Там грешат массово, регулярно и вдобавок — публично, а это в аду очень поощряется. На фейсе движущая сила — грех, тот, что идет первым в списке В7, что на продвинутом английском означает «Биг севен», а на нашем, польском, толкуется как «Большой Список Семи» (БСС). Грех-то этот — тщеславие, а по-простому спесь. Фейсбук в аду уважают — значимая величина. Как инвестор или спонсор. Уже во всевозможных конкурсах награды получил, а в номинации «Технологии на службе ада» который год остается на недосягаемой высоте: все, что земной грех распространяет, здесь уважается и ценится. А фейсбук нам, для ада, грех генерирует с энергией, которую разве что с цунами можно сравнить. И ведь все совершенно задаром. Конечно, есть и критики, недовольные — но так всегда бывает, сыночек. Если не получается разгромить произведение — они громят автора, от бессилия. Так им легче своего добиться. Да что я Тебе, сыночек, рассказываю — Ты с этим встречаешься постоянно, Тебе ли не знать… Плохую Ты книгу написал, потому что усы мещанские отрастил, в провинции глухой родился, гуманитарного образования у Тебя нету, оказывается, по-польски писать не умеешь, к тому же Ты эротоман и онанист, помешанный на менструальной крови, да еще и в Германии проживаешь, а значит — куда Тебе Польшу, поляков и полячек скудным своим умом понять, и потом Ты богатый, то есть зажравшийся, у Тебя в книгах все с ноутбуками от аэропорта к аэропорту бегают и бизнес-классом в самолетах летают, вместо того чтобы в поте лица, задыхаясь от вони, каблуки к ботинкам на фабрике приклеивать…

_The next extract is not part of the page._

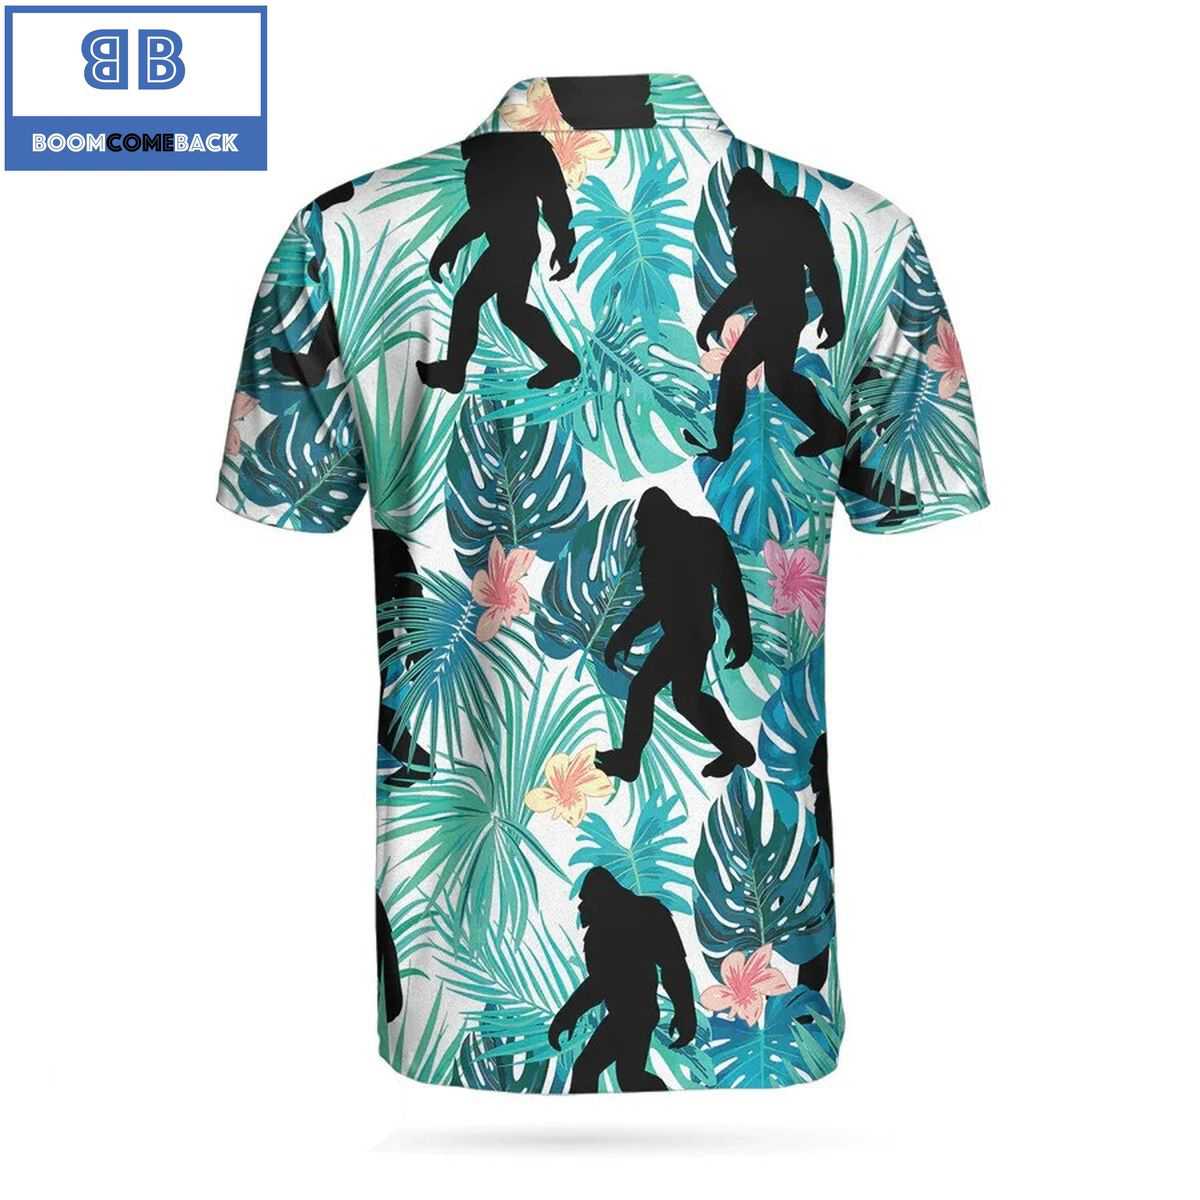 Golf2BTropical2BFloral2BAnd2BLeaves2BAthletic2BCollared2BMens2BPolo2BShirt2B4 2cNP7

За фамилию автора идеи и создателя фейсбука цепляются, не нравится им фамилия Цукерберг… Ну ясно, что они имеют в виду: жидовство мировое и заговоры масонские. Будто бы он стремится весь мир объединить в семейно-дружескую сеть и сам ее возглавить, а потом и в аду власть прибрать к рукам. Ты уж, сыночек, прости меня за грубость, но так сказал бы Твой отец: «Пусть эти козлы обосрутся».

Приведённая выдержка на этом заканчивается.